When using multiple compilers, outputs are organized by compiler name:
src/main.c → out/cc_single_file/gcc/main.elf
→ out/cc_single_file/clang/main.elf
Each source file is compiled once per compiler profile, allowing you to:
- Test code with multiple compilers to catch different warnings
- Compare output between compilers
- Build for different targets (cross-compilation)
Configuration Reference
| Key | Type | Default | Description |
|---|---|---|---|
cc | string | "gcc" | C compiler command |
cxx | string | "g++" | C++ compiler command |
cflags | string[] | [] | Flags passed to the C compiler |
cxxflags | string[] | [] | Flags passed to the C++ compiler |
ldflags | string[] | [] | Flags passed to the linker |
include_paths | string[] | [] | Additional -I include paths (shared) |
scan_dir | string | "src" | Directory to scan for source files |
output_suffix | string | ".elf" | Suffix appended to output executables |
extra_inputs | string[] | [] | Extra files whose changes trigger rebuilds |
include_scanner | string | "native" | Method for scanning header dependencies |
compilers | array | [] | Multiple compiler profiles (overrides single-compiler fields) |
Compiler Profile Fields
Each entry in the compilers array can have:
| Key | Type | Required | Description |
|---|---|---|---|
name | string | Yes | Profile name (used in output path) |
cc | string | No | C compiler (default: “gcc”) |
cxx | string | No | C++ compiler (default: “g++”) |
cflags | string[] | No | C compiler flags |
cxxflags | string[] | No | C++ compiler flags |
ldflags | string[] | No | Linker flags |
output_suffix | string | No | Output suffix (default: “.elf”) |
Include Scanner
The include_scanner option controls how header dependencies are discovered:
| Value | Description |
|---|---|
native | Fast regex-based scanner (default). Parses #include directives directly without spawning external processes. Handles #include "file" and #include <file> forms. |
compiler | Uses gcc -MM / g++ -MM to scan dependencies. More accurate for complex cases (computed includes, conditional compilation) but slower as it spawns a compiler process per source file. |
Native scanner behavior
The native scanner:
- Recursively follows
#includedirectives - Searches include paths in order: source file directory, configured
include_paths, project root - Skips system headers (
/usr/...,/lib/...) - Only tracks project-local headers (relative paths)

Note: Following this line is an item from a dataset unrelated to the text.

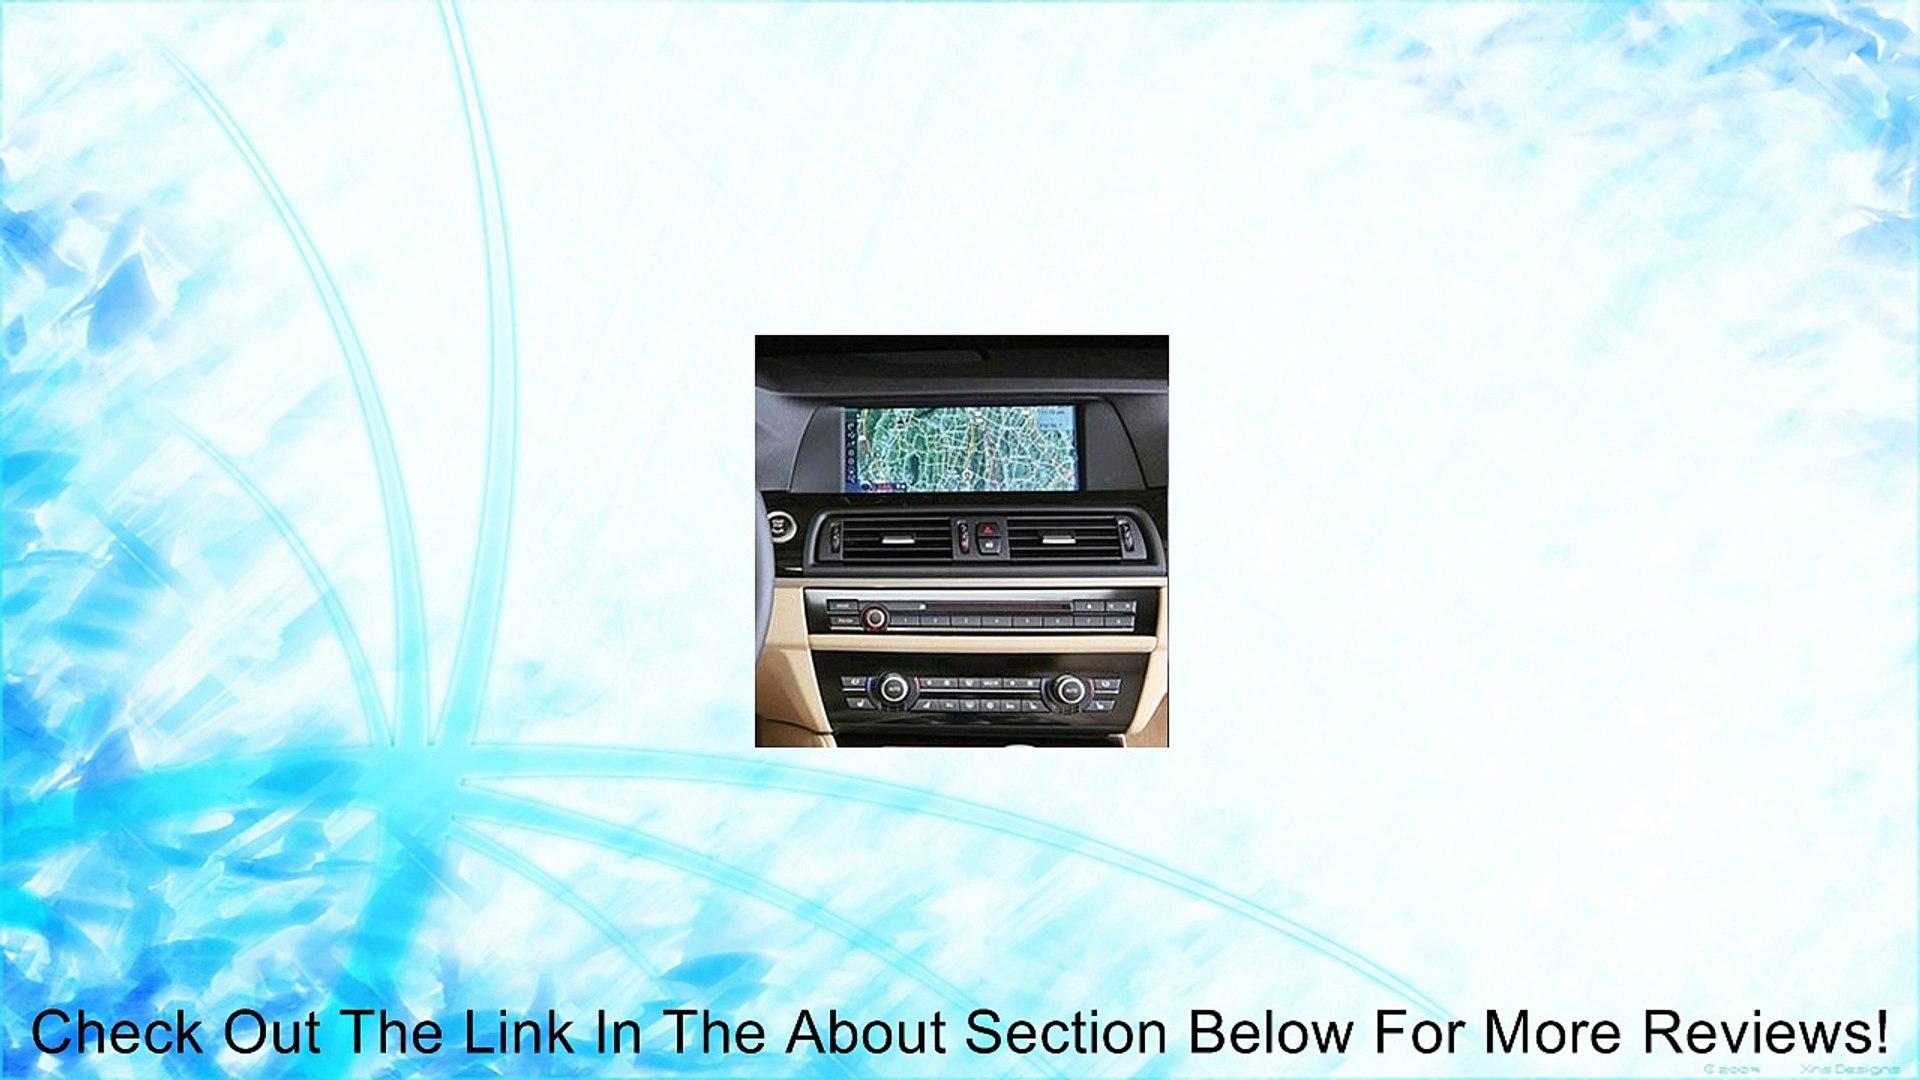 Genuine OEM BMW 2012 Navigation System Map Update DVD High Version (I-Bus DVD) - 3 Series 2005/ 3 Series Convertible 2006/ 3 Series Coupe 2006/ M3 Convertible 2005-2006/ M3 Coupe 2005-2006/ 7 Series 2005-2008/ X3 SAV 2005-2010/ X5 2005-2006/ Z4 Models 200

When to use compiler scanner
Use include_scanner = "compiler" if you have:
- Computed includes:
#include MACRO_THAT_EXPANDS_TO_FILENAME - Complex conditional compilation affecting which headers are included
- Headers outside the standard search paths that the native scanner misses
The native scanner may occasionally report extra dependencies (false positives), which is safe—it just means some files might rebuild unnecessarily. It will not miss dependencies (false negatives) for standard #include patterns.